▶ [Exercise details]: In the material below, transcribe every line from the first through the line holding "City of Dunedin Tartan and Coat of Arms", exactly, and stop after that line.

(Material supplied)

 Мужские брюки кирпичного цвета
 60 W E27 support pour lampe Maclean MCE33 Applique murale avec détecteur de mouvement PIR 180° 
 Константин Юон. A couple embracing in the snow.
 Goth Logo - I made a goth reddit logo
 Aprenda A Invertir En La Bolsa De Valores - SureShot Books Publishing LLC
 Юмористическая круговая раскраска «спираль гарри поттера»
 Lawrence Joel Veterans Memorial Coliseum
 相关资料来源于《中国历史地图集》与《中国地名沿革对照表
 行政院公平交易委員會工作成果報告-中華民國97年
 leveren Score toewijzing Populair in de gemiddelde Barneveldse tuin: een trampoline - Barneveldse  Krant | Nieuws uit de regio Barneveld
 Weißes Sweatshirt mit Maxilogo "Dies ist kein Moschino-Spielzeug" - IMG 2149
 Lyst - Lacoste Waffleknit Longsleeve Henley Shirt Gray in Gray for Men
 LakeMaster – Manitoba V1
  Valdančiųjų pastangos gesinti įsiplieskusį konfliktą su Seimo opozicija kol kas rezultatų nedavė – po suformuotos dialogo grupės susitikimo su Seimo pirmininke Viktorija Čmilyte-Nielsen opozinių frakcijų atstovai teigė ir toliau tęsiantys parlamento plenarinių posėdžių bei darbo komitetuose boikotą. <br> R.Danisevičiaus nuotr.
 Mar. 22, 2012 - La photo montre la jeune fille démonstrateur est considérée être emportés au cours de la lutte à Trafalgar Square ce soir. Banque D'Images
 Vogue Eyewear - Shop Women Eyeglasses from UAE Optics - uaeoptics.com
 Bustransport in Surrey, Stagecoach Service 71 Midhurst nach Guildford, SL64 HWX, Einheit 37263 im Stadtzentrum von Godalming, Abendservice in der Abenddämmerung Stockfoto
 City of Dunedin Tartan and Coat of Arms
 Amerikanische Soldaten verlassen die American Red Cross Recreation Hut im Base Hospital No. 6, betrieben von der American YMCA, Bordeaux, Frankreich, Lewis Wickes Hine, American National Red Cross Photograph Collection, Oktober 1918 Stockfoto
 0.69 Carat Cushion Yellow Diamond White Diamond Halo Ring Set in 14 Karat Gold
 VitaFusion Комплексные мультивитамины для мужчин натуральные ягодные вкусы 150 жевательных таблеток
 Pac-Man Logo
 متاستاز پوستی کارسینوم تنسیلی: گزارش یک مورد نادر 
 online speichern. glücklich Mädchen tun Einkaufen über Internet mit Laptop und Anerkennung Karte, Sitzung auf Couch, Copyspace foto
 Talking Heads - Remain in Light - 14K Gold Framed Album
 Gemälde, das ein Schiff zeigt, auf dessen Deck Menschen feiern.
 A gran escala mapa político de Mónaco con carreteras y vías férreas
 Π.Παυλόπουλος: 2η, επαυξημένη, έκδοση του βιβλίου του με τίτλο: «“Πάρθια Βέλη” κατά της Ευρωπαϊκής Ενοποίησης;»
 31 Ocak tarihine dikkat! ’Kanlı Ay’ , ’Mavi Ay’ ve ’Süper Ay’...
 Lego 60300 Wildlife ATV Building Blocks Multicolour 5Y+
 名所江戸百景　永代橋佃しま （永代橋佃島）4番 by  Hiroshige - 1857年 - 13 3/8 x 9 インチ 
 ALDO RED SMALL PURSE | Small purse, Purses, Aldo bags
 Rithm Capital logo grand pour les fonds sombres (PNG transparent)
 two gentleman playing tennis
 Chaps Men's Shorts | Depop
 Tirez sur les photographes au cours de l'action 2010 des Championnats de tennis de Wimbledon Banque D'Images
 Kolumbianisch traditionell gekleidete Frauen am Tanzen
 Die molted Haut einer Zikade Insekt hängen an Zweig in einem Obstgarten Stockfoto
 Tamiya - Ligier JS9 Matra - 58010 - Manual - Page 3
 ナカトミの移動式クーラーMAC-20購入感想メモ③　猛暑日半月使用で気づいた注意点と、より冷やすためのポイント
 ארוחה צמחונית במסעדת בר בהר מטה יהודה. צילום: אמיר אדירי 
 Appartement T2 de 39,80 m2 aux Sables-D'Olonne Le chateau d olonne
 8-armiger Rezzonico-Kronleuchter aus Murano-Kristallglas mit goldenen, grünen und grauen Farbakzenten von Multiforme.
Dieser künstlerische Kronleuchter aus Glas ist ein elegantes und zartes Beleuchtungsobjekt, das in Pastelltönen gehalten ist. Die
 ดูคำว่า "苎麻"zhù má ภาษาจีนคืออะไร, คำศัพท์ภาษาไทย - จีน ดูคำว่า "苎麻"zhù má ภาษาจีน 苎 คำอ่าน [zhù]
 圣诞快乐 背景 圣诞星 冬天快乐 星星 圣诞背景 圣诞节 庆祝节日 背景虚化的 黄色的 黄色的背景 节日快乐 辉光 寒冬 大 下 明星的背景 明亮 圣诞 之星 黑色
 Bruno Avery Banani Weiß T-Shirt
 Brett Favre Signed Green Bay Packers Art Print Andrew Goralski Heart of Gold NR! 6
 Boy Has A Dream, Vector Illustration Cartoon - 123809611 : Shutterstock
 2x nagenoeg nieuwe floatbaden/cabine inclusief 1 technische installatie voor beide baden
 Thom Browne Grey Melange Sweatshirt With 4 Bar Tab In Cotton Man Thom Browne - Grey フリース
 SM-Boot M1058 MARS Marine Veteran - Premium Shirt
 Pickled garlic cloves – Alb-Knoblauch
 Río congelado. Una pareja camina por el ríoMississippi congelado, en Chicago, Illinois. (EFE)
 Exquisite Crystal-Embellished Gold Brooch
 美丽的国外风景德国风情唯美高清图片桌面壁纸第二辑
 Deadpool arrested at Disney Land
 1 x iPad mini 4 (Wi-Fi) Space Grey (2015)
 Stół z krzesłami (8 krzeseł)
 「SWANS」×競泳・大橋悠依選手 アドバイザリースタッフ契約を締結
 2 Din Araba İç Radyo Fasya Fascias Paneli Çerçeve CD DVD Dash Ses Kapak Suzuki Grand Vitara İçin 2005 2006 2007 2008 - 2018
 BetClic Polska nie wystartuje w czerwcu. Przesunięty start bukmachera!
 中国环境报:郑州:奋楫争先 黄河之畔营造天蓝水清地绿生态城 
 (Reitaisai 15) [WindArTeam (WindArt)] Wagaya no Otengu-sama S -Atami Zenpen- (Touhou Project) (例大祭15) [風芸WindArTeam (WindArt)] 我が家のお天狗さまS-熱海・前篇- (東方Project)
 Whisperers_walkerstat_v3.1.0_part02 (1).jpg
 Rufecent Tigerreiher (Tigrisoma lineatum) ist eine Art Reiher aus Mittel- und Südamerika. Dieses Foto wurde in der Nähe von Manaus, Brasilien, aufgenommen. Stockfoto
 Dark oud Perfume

(End Material supplied)

▶ [Exercise output]:
 Мужские брюки кирпичного цвета
 60 W E27 support pour lampe Maclean MCE33 Applique murale avec détecteur de mouvement PIR 180° 
 Константин Юон. A couple embracing in the snow.
 Goth Logo - I made a goth reddit logo
 Aprenda A Invertir En La Bolsa De Valores - SureShot Books Publishing LLC
 Юмористическая круговая раскраска «спираль гарри поттера»
 Lawrence Joel Veterans Memorial Coliseum
 相关资料来源于《中国历史地图集》与《中国地名沿革对照表
 行政院公平交易委員會工作成果報告-中華民國97年
 leveren Score toewijzing Populair in de gemiddelde Barneveldse tuin: een trampoline - Barneveldse  Krant | Nieuws uit de regio Barneveld
 Weißes Sweatshirt mit Maxilogo "Dies ist kein Moschino-Spielzeug" - IMG 2149
 Lyst - Lacoste Waffleknit Longsleeve Henley Shirt Gray in Gray for Men
 LakeMaster – Manitoba V1
  Valdančiųjų pastangos gesinti įsiplieskusį konfliktą su Seimo opozicija kol kas rezultatų nedavė – po suformuotos dialogo grupės susitikimo su Seimo pirmininke Viktorija Čmilyte-Nielsen opozinių frakcijų atstovai teigė ir toliau tęsiantys parlamento plenarinių posėdžių bei darbo komitetuose boikotą. <br> R.Danisevičiaus nuotr.
 Mar. 22, 2012 - La photo montre la jeune fille démonstrateur est considérée être emportés au cours de la lutte à Trafalgar Square ce soir. Banque D'Images
 Vogue Eyewear - Shop Women Eyeglasses from UAE Optics - uaeoptics.com
 Bustransport in Surrey, Stagecoach Service 71 Midhurst nach Guildford, SL64 HWX, Einheit 37263 im Stadtzentrum von Godalming, Abendservice in der Abenddämmerung Stockfoto
 City of Dunedin Tartan and Coat of Arms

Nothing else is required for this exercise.